Help with e2e evalation

How can I reduce failed stories when doing e2e evaluation of the model. kindly help me to improve my model. i.e when I use this command python -m rasa_core.evaluate --core models/dialogue --stories test_stories.md -o results, it gives me some wrongly predicted actions. I want to reduce the number of incorrectly predicted actions. Aslo help me how can I evaluate NLU ie intent recognision same as like test_nlu.md to evaluate nlu model.

Hey @rakesh,

In general if you want to reduce the number of incorrectly predicted actions, you can add the failed story to your training data with the correct action and your bot’s policies will learn to get it right the next time.

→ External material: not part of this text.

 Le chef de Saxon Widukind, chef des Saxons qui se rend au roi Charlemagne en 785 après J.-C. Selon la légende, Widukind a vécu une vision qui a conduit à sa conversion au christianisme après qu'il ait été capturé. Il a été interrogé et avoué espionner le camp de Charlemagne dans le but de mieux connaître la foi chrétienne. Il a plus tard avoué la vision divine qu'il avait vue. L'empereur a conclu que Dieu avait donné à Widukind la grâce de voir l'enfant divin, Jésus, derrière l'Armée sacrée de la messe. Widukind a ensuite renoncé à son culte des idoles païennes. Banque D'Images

rasa_nlu also has some nice tools for evaluating your models. This script will plot a confusion matrix, f1 scores and a pretty graph showing the confidence for correctly and incorrectly predicted labels on your test set.

Hey @MetcalfeTom

Thanks for the reply. Currently I am using 150 story stories.md file of nearly 150 intents like:

story 1

  • greet
    • utter_greet_help

story 2

  • mood_unhappy
    • utter_Help_to_coach

story 3

  • mood_deny
    • utter_Help_coach

to 150 intents

SO i am getting some wrongly predicted ones in confusion matrix itself. When I evaluate model with e2e_stories.md file with one big story containing every intent. like:

stories all

  • greet
    • utter_greet_help
  • some_random_intent
    • its_utterance_action

so on to 150 intents

I think it should predict correct action but i am getting some wrongly predicted actions for some intents. theoritically it should give every prediction correct. But i dont know why.

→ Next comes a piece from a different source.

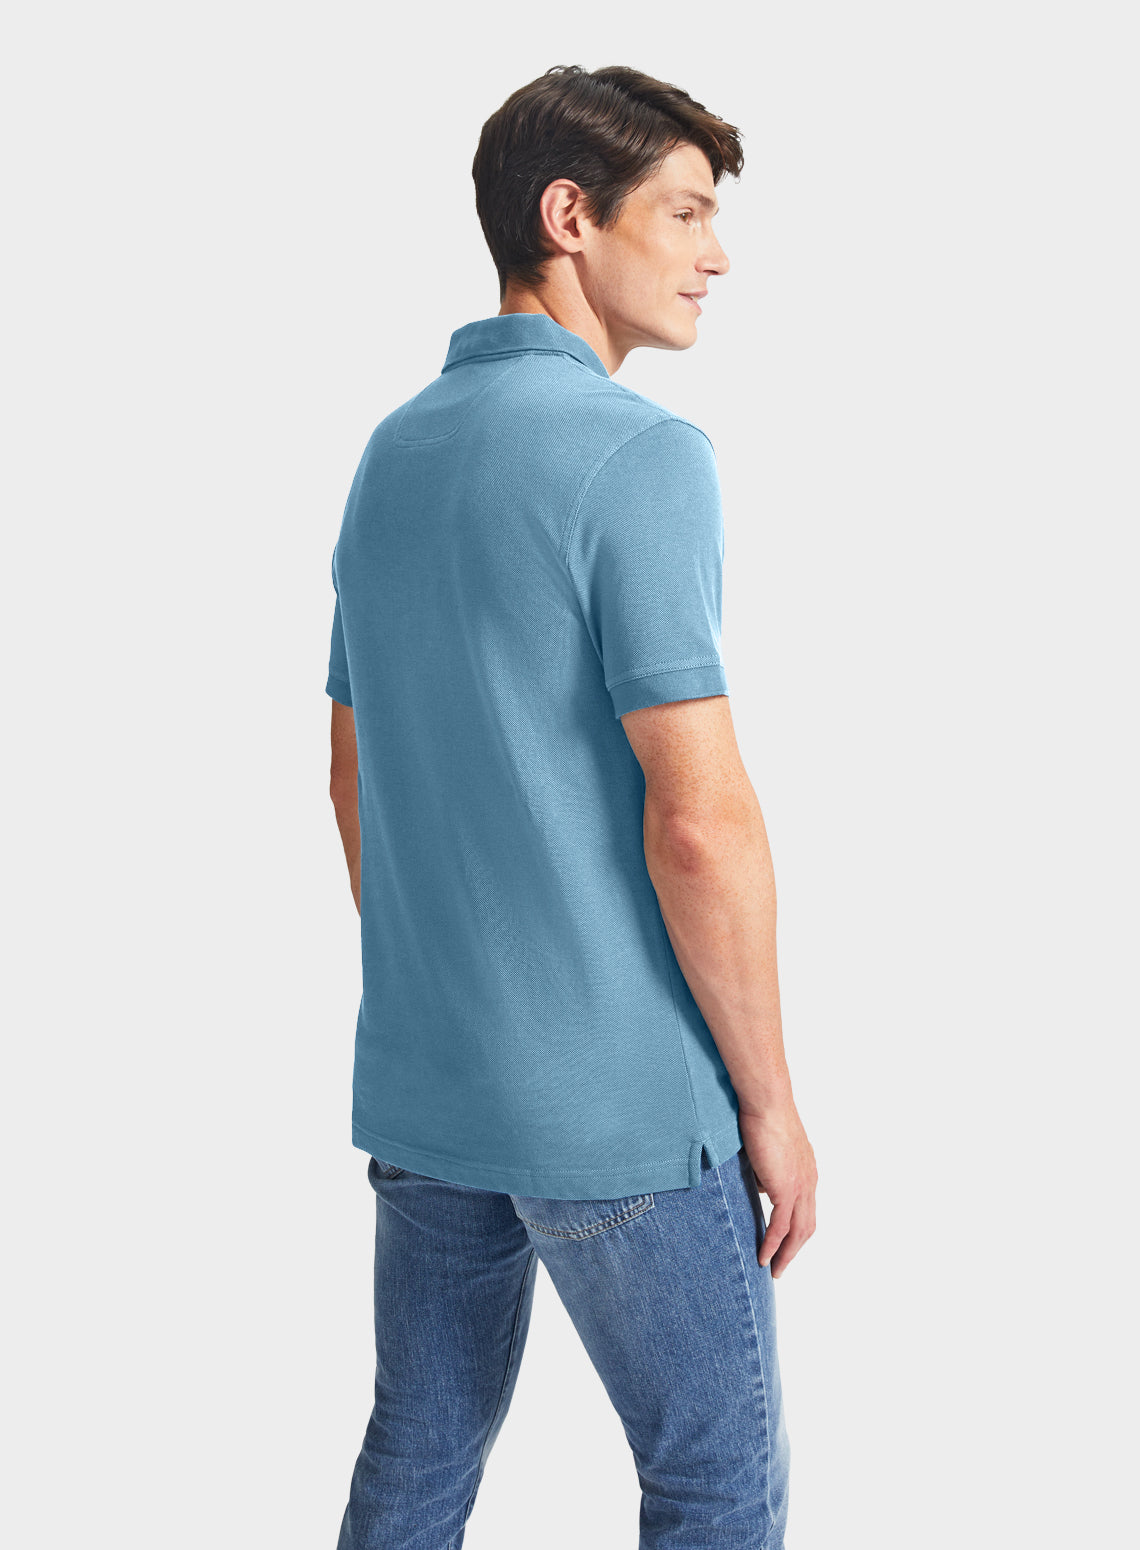 Pique Polo Shirt in Light Blue - Oxford Shirt Co.

This is because your evaulation story is different to the data the bot was trained on; in your training data there is no context for each intent, but in the evaluation story the tracker will be storing the previously received messages and executed actions.

I suggest you change your policy_config to include AugmentedMemoizationPolicy instead of the MemoizationPolicy - this will wipe the tracker upon receiving the intent and predict the corresponding utterance in your training data

@MetcalfeTom Thank you for the reply. I will deffinitely Try that one.